A great clock can be found in Judy Chicurel’s collection of linked stories, If I Knew You Were Going to Be This Beautiful, I Never Would Have Let You GoYou can read a sample chapter from the book here.

How the Novel Works

In this interview with Tom Grimes’ in The Austin Chronicle, he explains how the clock works: “it starts ticking when dramatic action happens” and the clock stops “when the dramatic action ends, regardless of what it is. The clock’s out of time, so you can’t add overtime.” So, the clock is connected to dramatic action, which seems obvious and easy until you try it.

Sometimes, what is needed is an artificial clock, one that you consciously set at the beginning of a story or chapter. Judy Chicurel does this at the very beginning of her chapter, “My Country Right or Wrong,” in the description of Mitch:

I had to talk quickly, though, because once Mitch reached a certain point in his drinking it would be useless to try and get his opinion on anything. The good thing was, the drunker he got, he wouldn’t remember most of what we’d talked about so he wouldn’t be able to repeat it to anyone else we knew. The trick was to get his wisdom on the subject before he reached “the click,” “that place between the last drink you should have had and the last drink you actually drank. You know, the one you’re still tasting the next morning, while your head’s exploding and you’re sitting around waiting for the room to blow up,” he once explained to me.

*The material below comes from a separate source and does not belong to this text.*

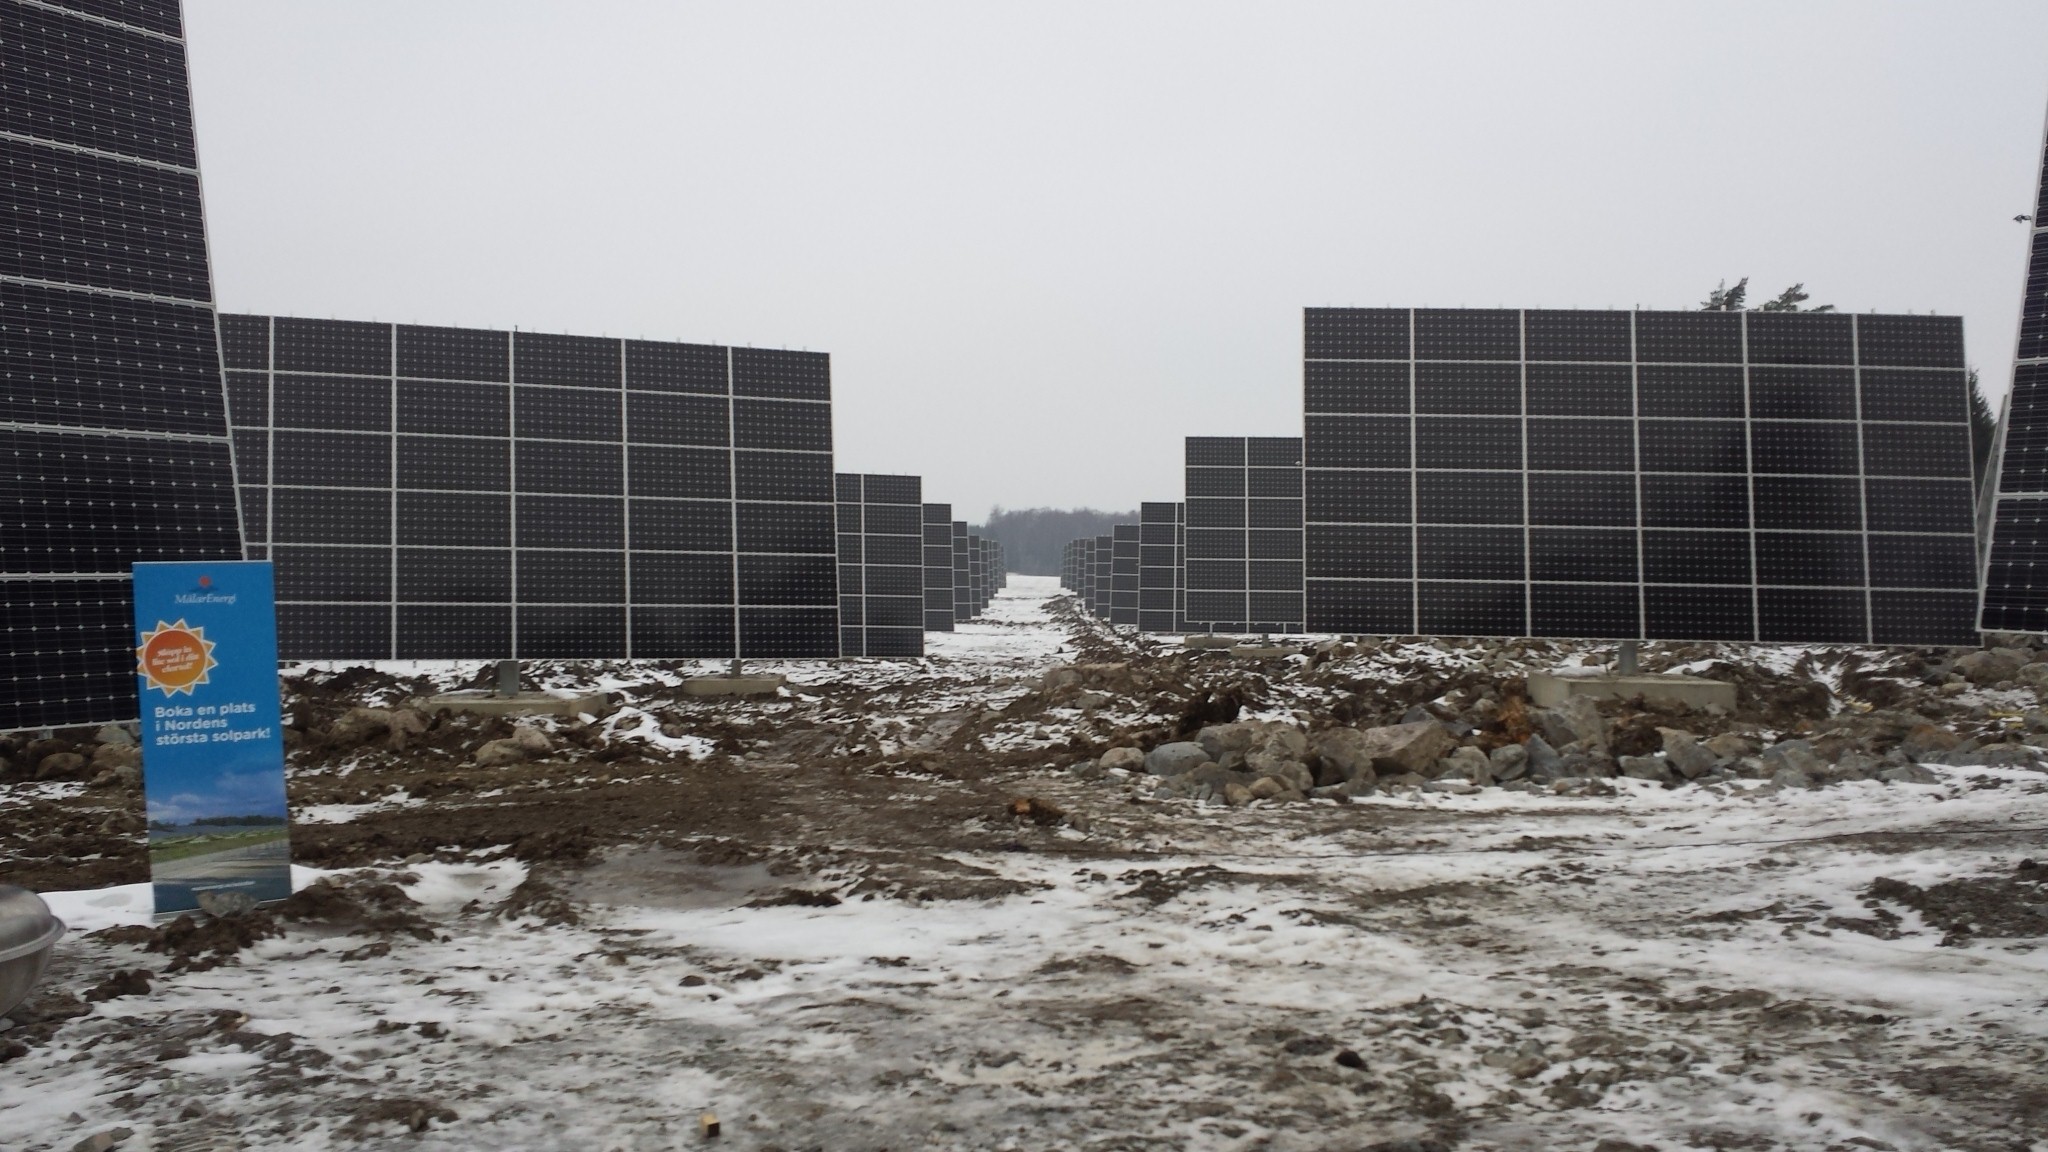 Largest solar park on trackers in Scandinavia

This is the type of clock that George Saunders has said he uses: “there is a clock ticking during internal monologue, and so you can’t just yap it up.” In this case, Chicurel’s narrator must finish her yapping—say what she needs to say—before Mitch becomes too drunk. The clock has started ticking.

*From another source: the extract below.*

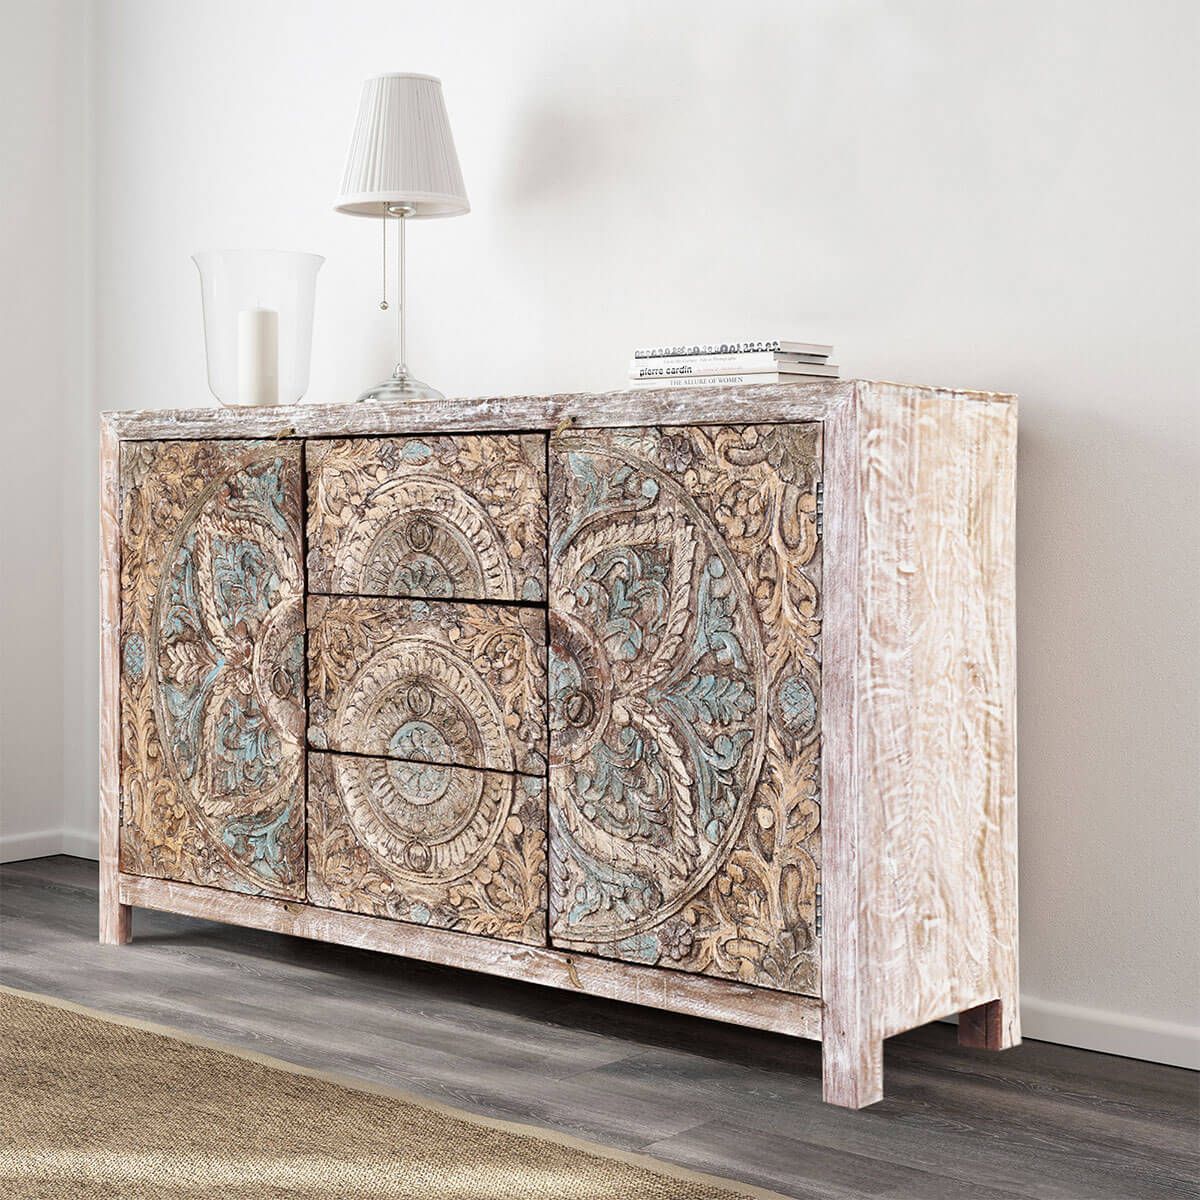 Avenal Floral Mandalas Solid Wood Hand Carved Accent Buffet Cabinet In Best And Newest Avenal Sideboards (View 5 of 20)

We know the clock will stop ticking when Mitch is too drunk to talk or remember anything. The question is how do we get there? If Mitch simply sits and drinks until he becomes incoherent and then the narrator leaves, we’re likely to feel disappointed in the way that we’re often disappointed when expected things play out in expected ways.

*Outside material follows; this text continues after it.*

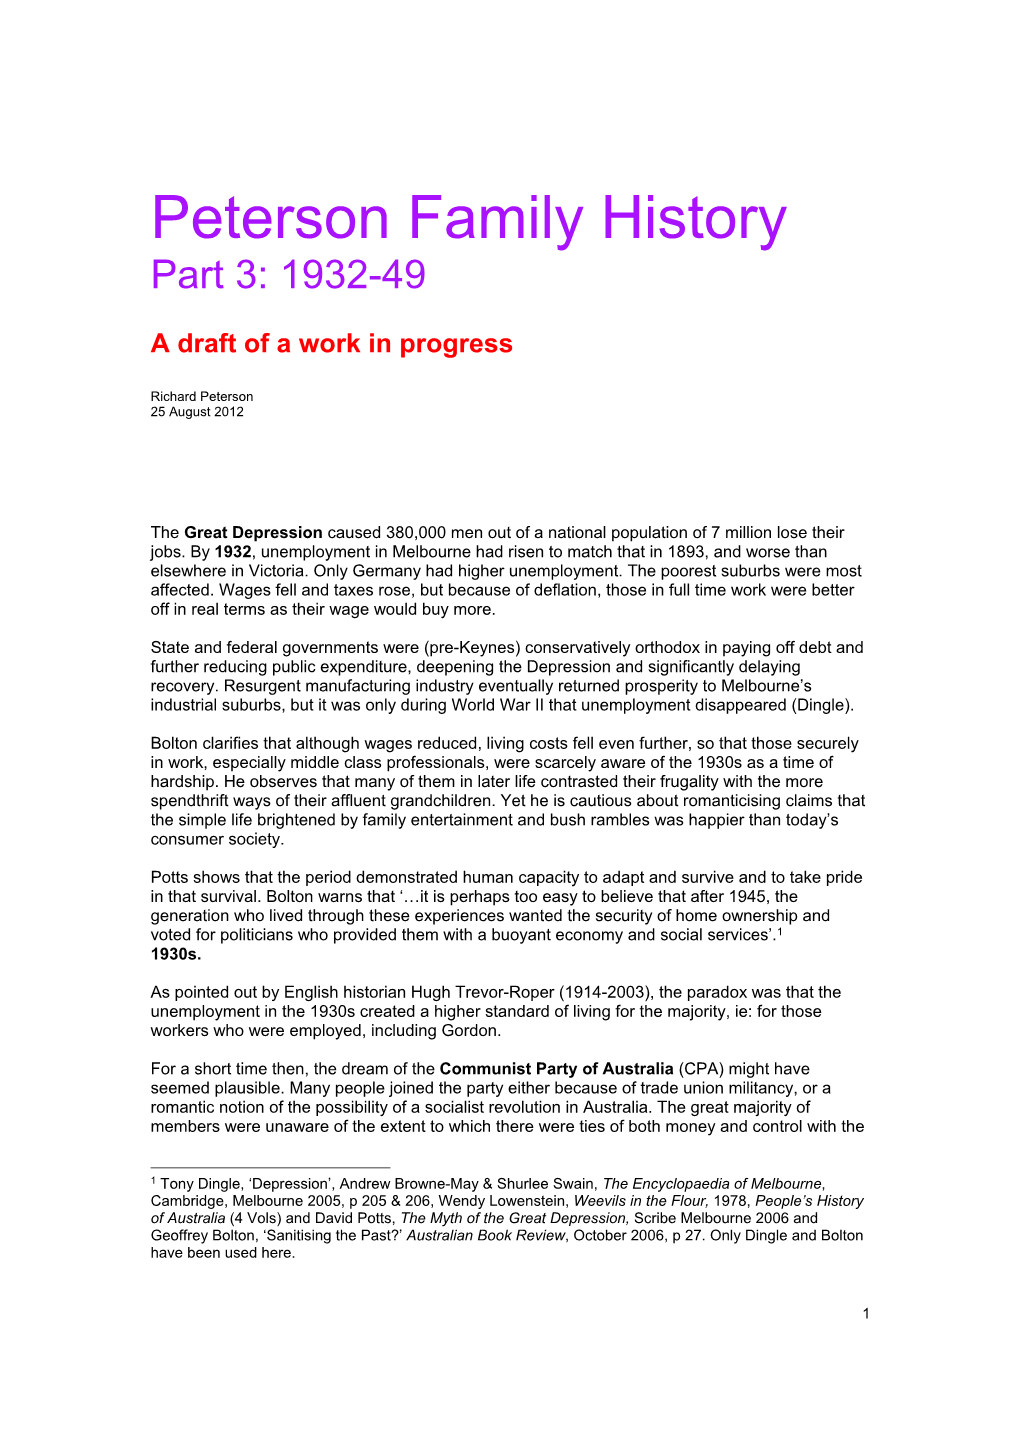 Peterson Family History Part 3: 1932-49

So, it’s interesting to see how Chicurel interrupts an expected chain of events. About halfway through the chapter, her narrator is watching Mitch carefully: “He raised his glass and drained it. I stared into Mitch’s face. His eyes still looked okay.” Then Mitch “licked the dregs of his glass and signaled to Len for another.” He’s getting drunker and talking about awful things that happened to Vietnam vets, and that’s when Chicurel introduces something unexpected: a bunch of construction workers who tell Mitch they don’t appreciate the way he’s running down America. An argument ensues, which Mitch wins, but winning it involves getting off his bar stool in order to fight and rolling up his pant leg to reveal his wooden leg. The scene ends with the bartender settling everyone down and pouring a round of drinks:

When he began making Mitch’s boilermaker, Mitch put up his hand and shook his head, “no.” He threw some bills on the bar and picked up his jacket with the bottle of Gordon’s in the pocket and began walking toward the door that led to the rooms in the hotel.

The clock has stopped ticking. Mitch is about to drink himself beyond “the click,” as promised at the beginning of the chapter. What is unexpected is how he got to that point: leaving the bar after an argument and finishing his drinking alone, rather than yapping it up at the bar.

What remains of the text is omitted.